Twin Deaf Girls In Uganda Find Hope Because Of A Simple Step Of Action

December 30, 2017

Heather King (no relation to our President JD King) was on a trip to Uganda.  She met two Deaf girls that she fell in love with.  These beautiful deaf girls needed a language, an education, and to learn about the hope of Jesus.  Heather took a simple step of action and contacted Deaf Child Hope to see if we could help.  Read on to learn what happened!

I had been working as a Spanish Teacher for five years when I decided to leave my job to do something called the World Race (www.heatherking.theworldrace.org). It felt like one of the riskiest, craziest decisions of my life, and it was one that I knew would lead to some big things. I hoped it would at least.

Sometimes those “big things” that you hope for in life come in different shaped packages than you imagined. For me, it was two 6 year-olds I met in Uganda on month 10 of the Race.

When I first met Feciah and Felisitah, they were living with their mom and four other siblings at a church. Feciah seemed shy and a little uncertain and Felistiah was all smiles. She would jump up and down and squeal in excitement every time I showed up at church. I could tell they had some ringworm on their bare scalps, and they seemed like they could use a few more calories in their diet. Their mother told us that the 6 year-old twin girls were born deaf and that their father had rejected them because of their disability.

I found out that the girls had never attended school. Their mother could afford the school fees for a couple of the siblings, but the twins needed a specialized education at a deaf school that would be far out of their financial capacity. I started trying to imagine these girls growing up with no language and no possible way to communicate other than with simple gestures. I couldn’t fathom what it would be like to grow up without words and how frustrating and debilitating it would be for the girls to exist in a world that they couldn’t participate in.

After one month in Uganda, I knew I would be moving on to another country (on the World Race, we visit 11 countries in 11 months). I also knew that I would eventually be coming home to the U.S. and ingrafting back into life here. Just like I did in so many other places, I knew that it would be possible for me to say goodbye to these girls and let them become a faded memory in my mind…a blip in my journey and a picture I could look back on every now and then.

Through some encouragement from back home, I realized that I didn’t have to let that be the case. I could try to help these girls. Instead of just letting them become a memory, I could take some kind of action to get them on a path that could offer them more in life. Even if just the gift to speak through their hands or understand what someone was saying to them or even dream up something for their own lives.
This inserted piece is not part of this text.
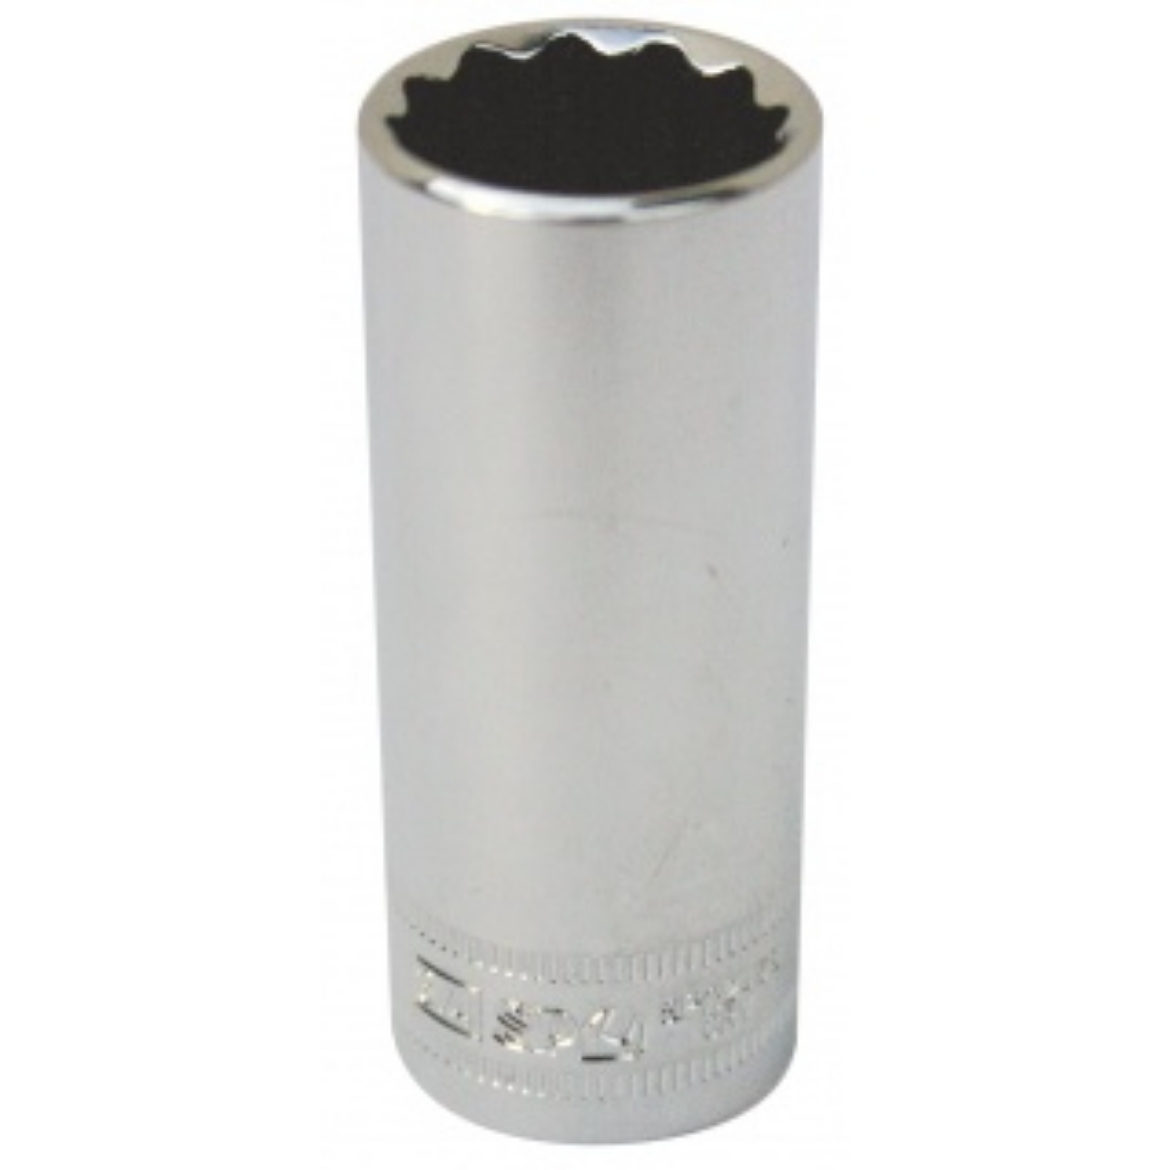 Picture of SOCKET DEEP 3/8"DR 12PT METRIC 19MM SP TOOLS

I wanted to help them somehow, but I knew it would be tough to do that from out of the country. I left Uganda and here is the crazy part. All I did at that point, the only real effort I put in, was to type something into Google, send an email and wait to see what would happen. I had stumbled upon Deaf Child Hope through that internet search and I wrote an email about the girls in the off chance that someone would respond and want to help.

When I got a response to my email, I was shocked but so excited. I couldn’t believe that taking that one simple step of connecting these girls to Deaf Child Hope could literally be a game changer for their future. It turns out, after some further networking and emails, that these two girls have been accepted into a deaf school and they will start next term. I can’t believe how much will change for them in just a short time, and I hope and pray that this opportunity will be one that leads them on a journey that will change their lives.

I couldn’t believe that taking that one simple step of connecting these girls to Deaf Child Hope could literally be a game changer for their future.

I’m not sure when I will be in Uganda again. I hope I get to see these sweet girls again in the future, but I know that in the meantime I took a step that may completely alter the way Feciah and Felisitah experience life. On my part it doesn’t feel like a step that took that much effort, it was just a matter of following through and continuing to look for an answer when there wasn’t an obvious one. I feel like my role was just a link in a chain that will continue on far into the future.

I hope this story is an encouragement to follow your gut and go after the ones who need someone fighting for them. It may just be that you are in the right place at the right time, or that you are in a position to give something that someone else can’t. There is purpose to the way our lives are connected and the difference that we make today has the potential to ripple into eternity. Keep listening for the stirring to take action, even if it feels like something small or something hopeless. You never know what God may have up his sleeve!